Token Pricing by Provider
OpenAI (as of March 2026)
| Model | Input ($/M) | Output ($/M) | Output:Input | Use Case |
|---|---|---|---|---|
| GPT-5 Nano | $0.05 | $0.40 | 8:1 | Ultra-cheap filters |
| GPT-5 Mini | $0.25 | $2.00 | 8:1 | High-volume tasks |
| GPT-4o Mini | $0.15 | $0.60 | 4:1 | Fast general purpose |
| GPT-4o | $2.50 | $10.00 | 4:1 | Standard inference |
| GPT-5 | $1.25 | $10.00 | 8:1 | Complex reasoning |
| GPT-5.1 | $1.25 | $10.00 | 8:1 | Extended context |
| GPT-5 Pro | $15.00 | $120.00 | 8:1 | Advanced reasoning |
| o3 Mini | $1.10 | $4.40 | 4:1 | Light reasoning |
| o3 | $2.00 | $8.00 | 4:1 | Heavy reasoning (slow) |
GPT-5 Nano is the cheapest frontier model. GPT-5 Pro is 300x more expensive on input and output combined.
Anthropic (Claude)
| Model | Input ($/M) | Output ($/M) | Output:Input | Notes |
|---|---|---|---|---|
| Haiku 4.5 | $1.00 | $5.00 | 5:1 | Fastest, cheapest Claude |
| Sonnet 4.6 | $3.00 | $15.00 | 5:1 | Balanced performance |
| Opus 4.6 | $5.00 | $25.00 | 5:1 | Most capable, expensive |
| Opus 4.5 | $5.00 | $25.00 | 5:1 | Older, same price |
Claude's pricing is consistent: 5:1 output-to-input ratio across all models. Opus is 25% cheaper on input than GPT-5 Pro but still 5x more than Haiku.
xAI (Grok)
| Model | Input ($/M) | Output ($/M) | Special Feature |
|---|---|---|---|
| Grok 3 | $1.25 | $10.00 | Real-time X data |
| Grok 2 | $0.50 | $5.00 | Legacy, cheaper |
Grok 3 pricing matches GPT-5 on token rates. The differentiation: live data access.
Mistral and Others
| Provider | Cheapest Model | Input | Output | Availability |
|---|---|---|---|---|
| Mistral | Mistral 7B | $0.14 | $0.42 | Via Azure, API |
| DeepSeek | DeepSeek-V3 | $0.27 | $1.10 | Limited API |
| Meta/Together | Llama 3 70B | $0.70 | $0.90 | Via Lambda, RunPod |
| Groq | Mixtral 8x7B | ~$0.50 | ~$0.50 | Groq API |
Open-source models on third-party APIs are competitive. DeepSeek-V3 at $0.27/$1.10 undercuts OpenAI and Anthropic on most tasks.

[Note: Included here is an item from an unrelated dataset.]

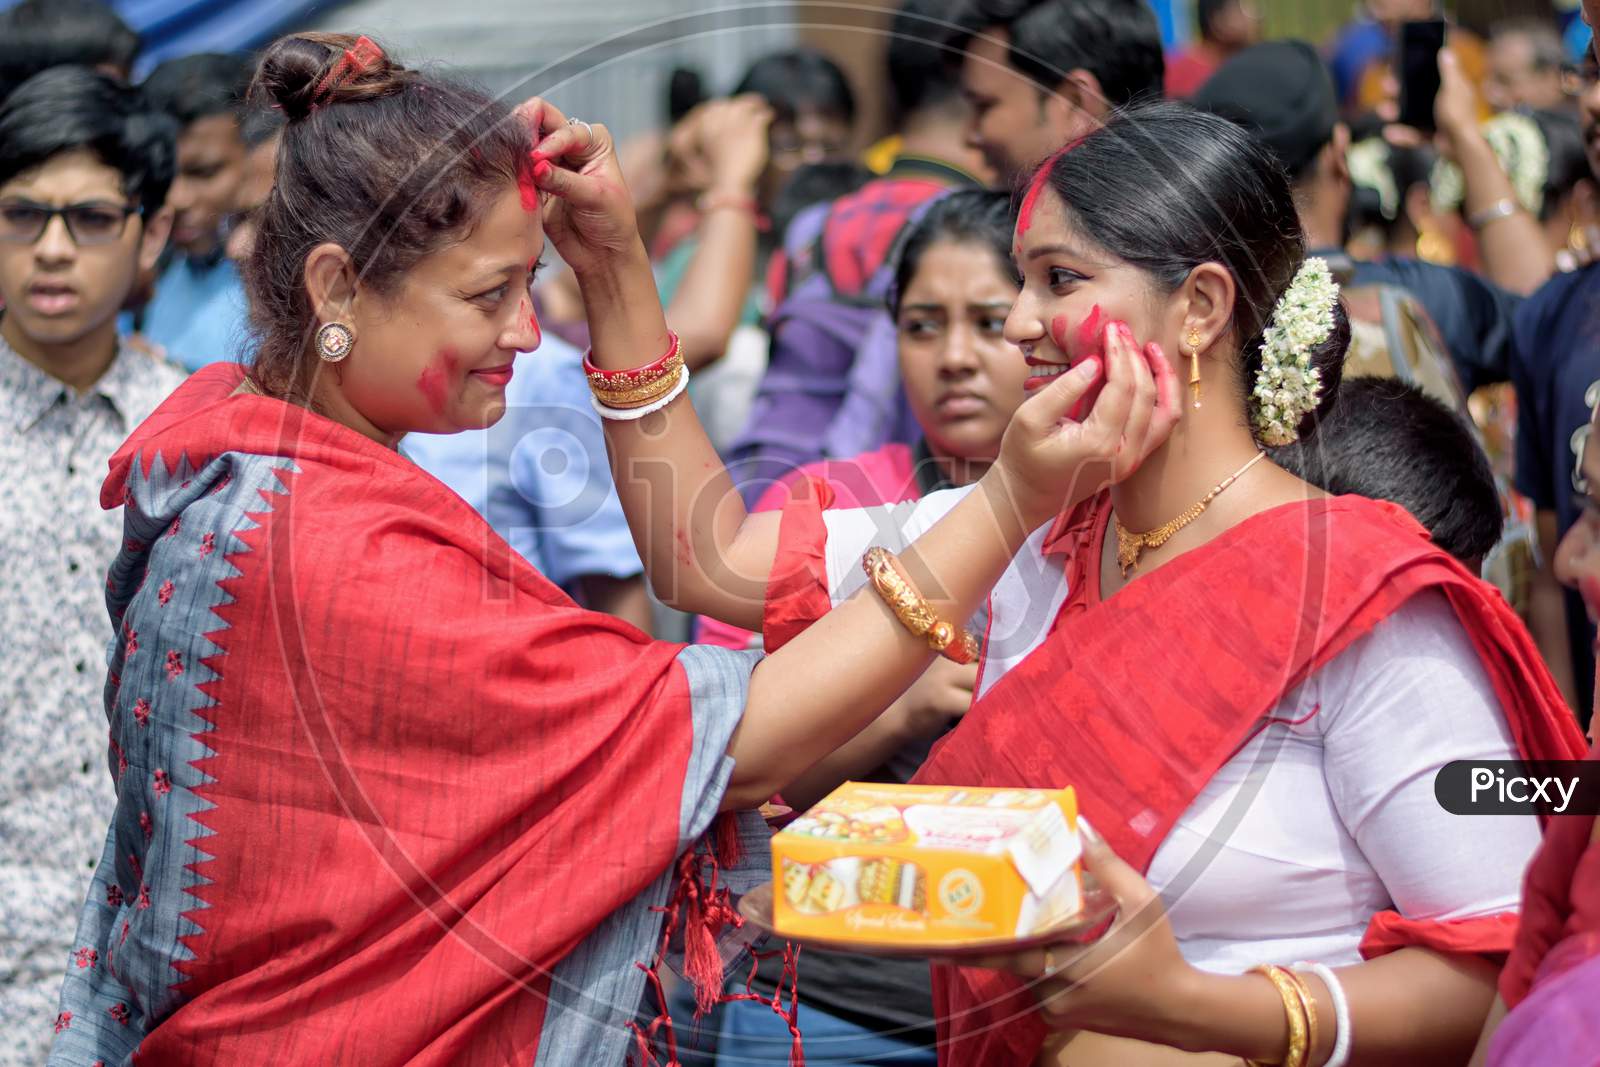 Women Participate In Sindur Khela At A Puja Pandal On The Last Day Of Durga Puja At Baghbazar Sarbojanin In Kolkata On October 2019

Token Pricing Metrics Explained
Input vs Output Cost
Input tokens are cheaper because they're processed once at request time. Output tokens are generated sequentially, requiring more GPU time. Most models price output 4-8x higher than input.
Why this matters: A task that generates lots of output (summarization, code generation) is expensive. A task that takes long input (RAG with large context) is cheap.
Throughput (Tokens Per Second)
Throughput affects wall-clock time, not token cost. Claude Haiku outputs 44 tokens/sec; Claude Opus outputs 29 tokens/sec. Both cost the same per token. Haiku finishes faster.
For batch processing, throughput is irrelevant. For real-time chat, throughput determines latency.
Context Window Cost
Most providers charge the same per token regardless of context position (first token, last token, same price). Exception: some offer "context caching" where tokens in a cached context cost 90% less after the first request.
Cost Per Task Analysis
Task 1: Spam Detection Filter
Input: 500-word customer email. Output: "spam" or "not spam" (2 tokens).
Model Selection Logic: This is a classification task with minimal output. Smaller models generalize better than larger ones on narrow tasks. GPT-5 Nano is optimal.
Cost Calculation:
- Input tokens: 500 words × 1.5 tokens/word = 750 tokens
- Output tokens: 2 (simple binary choice)
- Cost per task: (750 × $0.05 + 2 × $0.40) / 1,000,000 = $0.0000375 + $0.0000008 = ~$0.00004
At $0.04 per 1000 tasks, processing 10M emails/month costs $400. Negligible.
Cost Comparison (Wrong Model Choice): Using Claude Opus instead of Nano:
- Cost: (750 × $5.00 + 2 × $25.00) / 1,000,000 = $0.00375
Impact of wrong model: Opus is 100x more expensive ($0.00375 vs $0.00004). At 10M emails/month, this is $37,500/month vs $400/month. The difference is $37,100/month or $445,000/year.
This is the hidden cost most teams don't track: model selection without cost awareness. A 1-minute engineering decision to use Nano instead of Opus saves $445k annually at scale.
Task 2: Customer Support Chat
Input: 10-turn conversation, 2,000 total input tokens. Output: 150 tokens per turn (1,500 total).
Model Selection Criteria: Chat requires moderate reasoning and domain knowledge (product features, policies). Speed matters for user experience. Cost matters at 1000+ conversations/month scale.
GPT-4o Mini Analysis:
- Tokens: 2,000 input + 1,500 output
- Cost per conversation: (2,000 × $0.15 + 1,500 × $0.60) / 1,000,000 = $0.00135
- Monthly cost at 1,000 conversations: $1.35
- Latency: ~2 seconds end-to-end (acceptable)
Claude Haiku Analysis:
- Tokens: 2,000 input + 1,500 output
- Cost per conversation: (2,000 × $1.00 + 1,500 × $5.00) / 1,000,000 = $0.00950
- Monthly cost at 1,000 conversations: $9.50
- Latency: ~1 second (faster)
Cost Multiplier: Haiku is 7x more expensive on this task ($9.50 vs $1.35). At 100,000 conversations/month scale, this is $1,350 (Mini) vs $9,500 (Haiku) = $8,150/month difference.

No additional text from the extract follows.